Comment by konart

13 hours ago

>Real work

This part should have featured something about real work. But instead it features a paragraph about one-shot bs that creates "something".

Unless your work is to create thousands wordpress tremplates to sell - this is not a "real work".

Give it a repository (any kind of OSS project will do for an example) and a github issue requesting a knew feature or describing a confirmed bug. (you can and probably should write a prompt for LLM shough, don't just provide the issue itself)

And then whatch it go.

And then judge the result and it's quality.

Sorry, but from my experience 27B is just useless. You do get a result and some times it does work, but most of the times it is not event on junior dev level. And it takes it a lot of time to do the thing, unless you have an extremely expensive machine.

If your expectation is to treat it as a coworker, then you're right.

If your expectation is to treat it as a tool, then you're wrong.

I guess that's where the disconnect lies.

  • Define "a tool" for me and we can talk.

    I already have tools for autocomplete, working with structured data and many more. Deterministic tools.

    Obviously you do not expect something like that from a model with some harness. It can read some input (user's or other tools) and give you some output.

    My expectation is that this tool, given some meaning full input (instructions, expectations, motivations and an optional source files to work with), will produce something that will actually be aligned with the input.

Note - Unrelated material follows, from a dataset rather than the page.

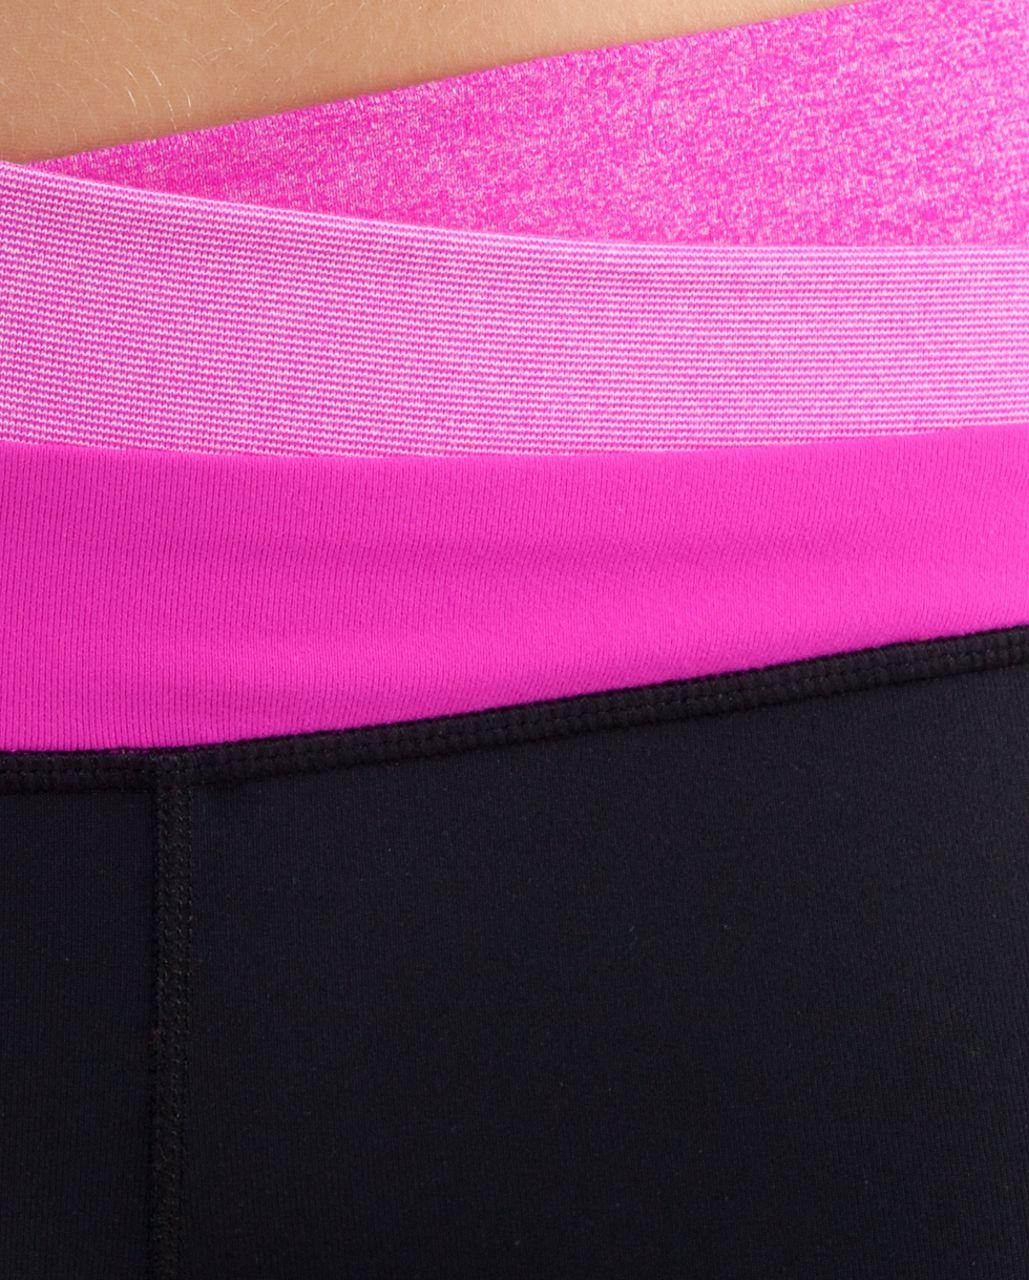 Lululemon Astro Wunder Under Crop - Black /  Heathered Paris Pink /  Paris Pink White Microstripe
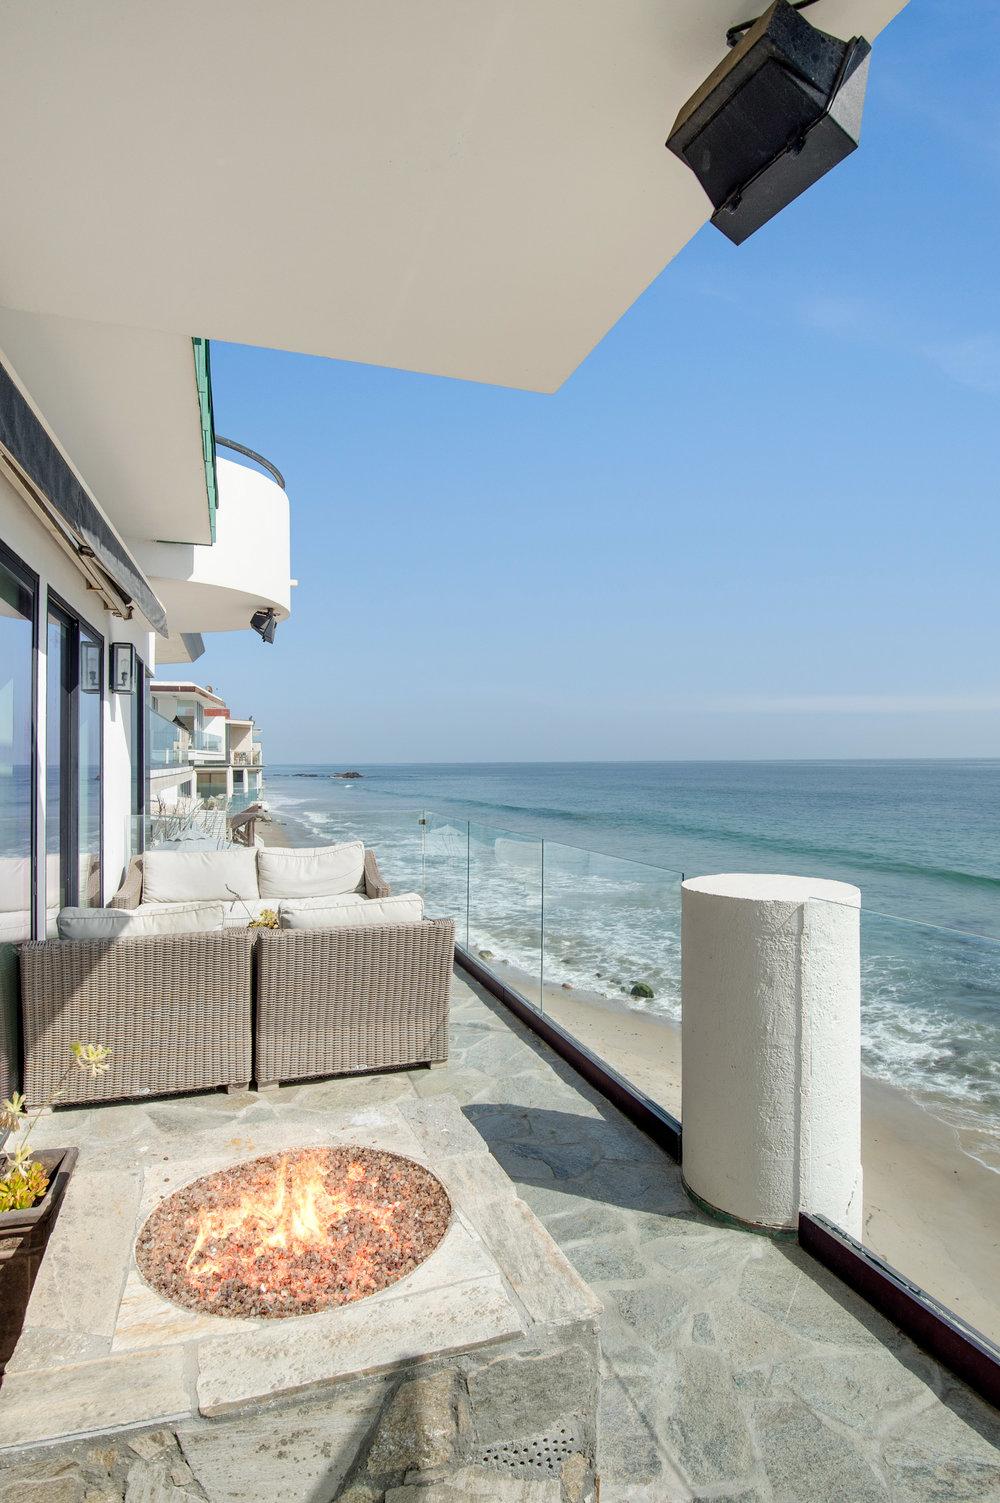 015 Deck 25252 Malibu Road For Sale Lease The Malibu Life Team Luxury Real Estate.jpg

    For example: consider I have a services that has some sort of events created now and then. I what those events to be available for other services. So I decide it to have a transactional outbox and an observer that will pull events from the outbox and put them into a kafka topic.

    My expectation is that I can give this tool some context (source code and description), state my instructions, expectations, motivations, design decisions and have an implementation as a result.

    My other expectation is that given my context etc and agent's context (skills etc) were correct and adequate - the outout will also be correct and adequate.